Basis transformation matrix and eigenvectors

42 Views Asked by At

we generally know that if we have some matrix $A$ and we diagonalize it and get a matrix $D$, there is some matrix $P$ such that:

$$ D = P^{-1}AP$$

My question is then, does the matrix P generally contain the eigenvectors corresponding to the eigenvalues on the diagonal of D? If yes, why? I fail to see how that comes out explicitly, but it seems it is that way (is it true only for orthogonal matrices?).

Thank you!

2

There are 2 best solutions below

0
On BEST ANSWER

That is indeed true. If

$$A = PDP^{-1}$$

is a diagonalization of $A$, $P$ is a matrix whose column vectors are eiegenvectors corresponding to the diagonal entries in $D$, which would then be the eigenvalues. How can you see this? First let $P = [v_1 \quad v_2 \quad \cdots \quad v_n]$ and assume that the diagonal elements of $D$ are $\lambda_1, \lambda_2, \ldots, \lambda_n$. Observe that

$$PD = [v_1 \quad v_2 \quad \cdots \quad v_n]D = [\lambda_1 v_1 \quad \lambda v_2 \quad \cdots \quad \lambda_n v_n] $$

$$AP = A[v_1 \quad v_2 \quad \cdots \quad v_n] = [Av_1 \quad Av_2 \quad \cdots \quad Av_n]$$

Since $AP = DP$ by assumption, we easily see that the $v_i$-s are eigenvectors of $A$ with corresponding eigenvalues $\lambda_i$-s.

2
On

Yes, the matrix $\;P\;$ contains the eigenvectors of the eigenvalues of $\;A\;$ as its columns.
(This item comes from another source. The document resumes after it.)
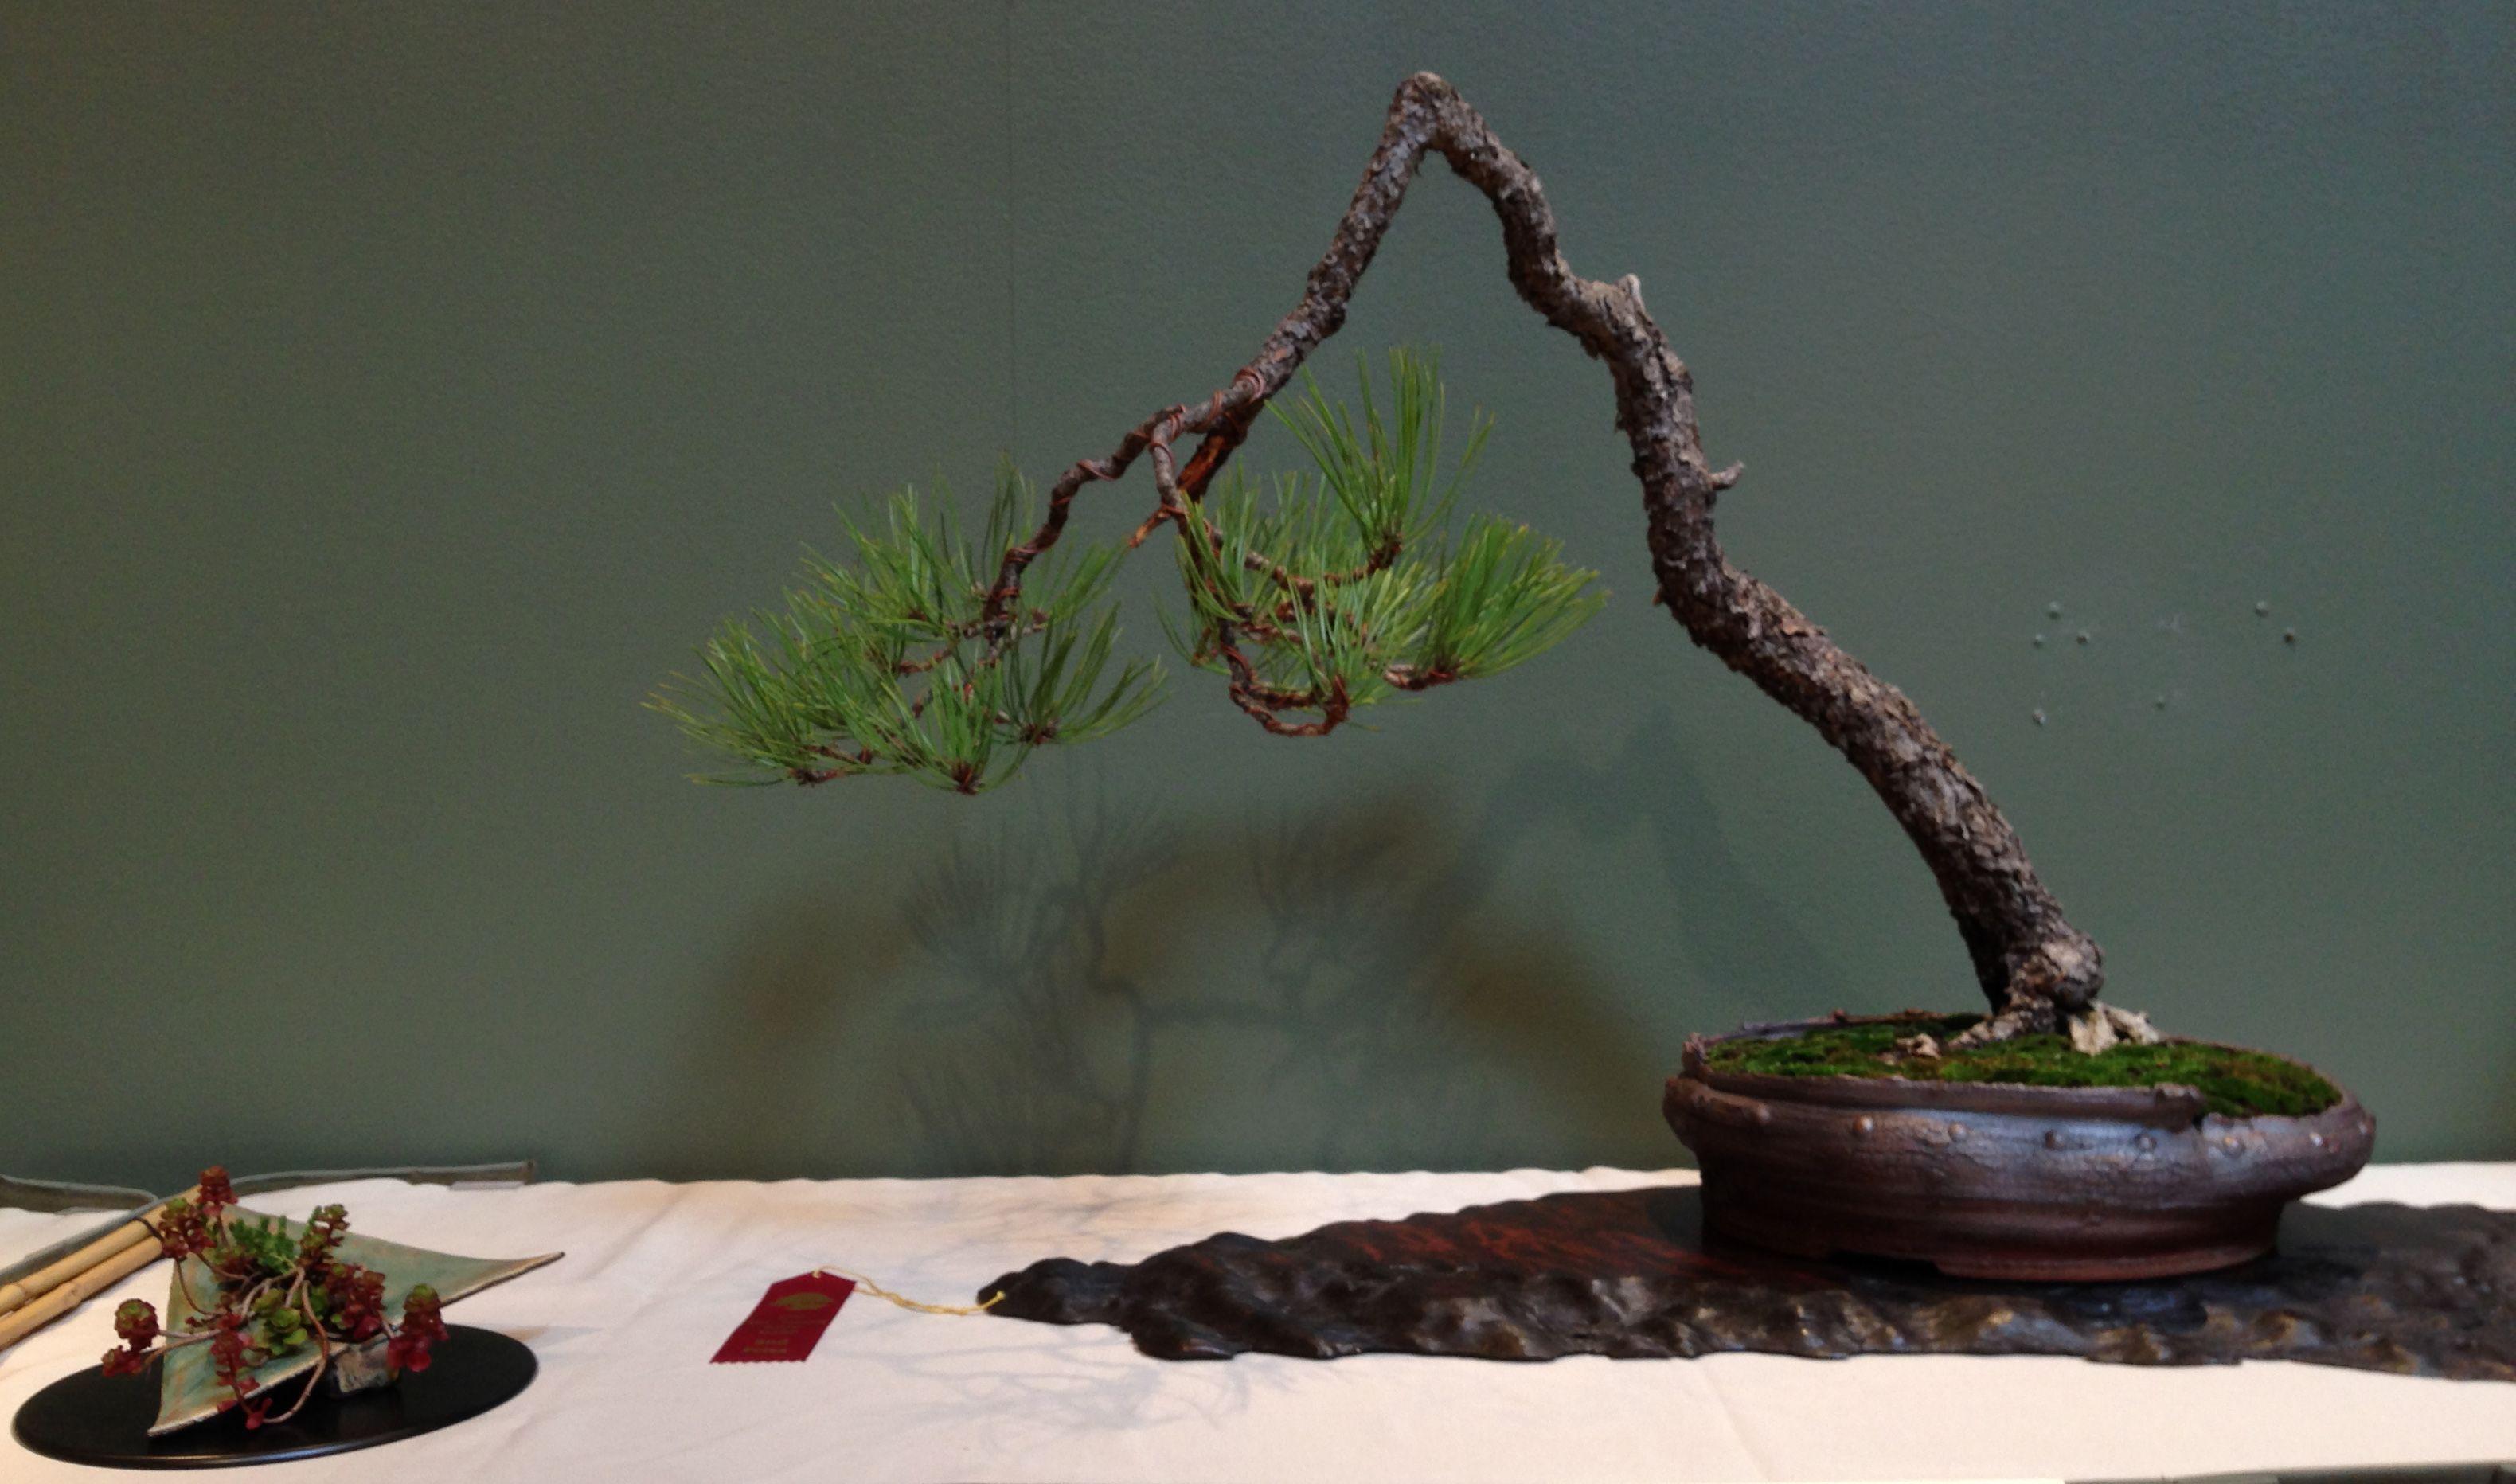 Pin On 2015 Mid America Bonsai Exhibit

In fact, $\;P\;$ is a matrix of change of basis: from the usual one, or the one over which is $\;A\;$ defined, to the basis formed by the linearly independent eigenvectors of $\;A\;$ eigenvectors.

Remember that a square matrix over any field is diagonalizable iff there exists a basis for the linear space over which we work of eigenvectors of the matrix.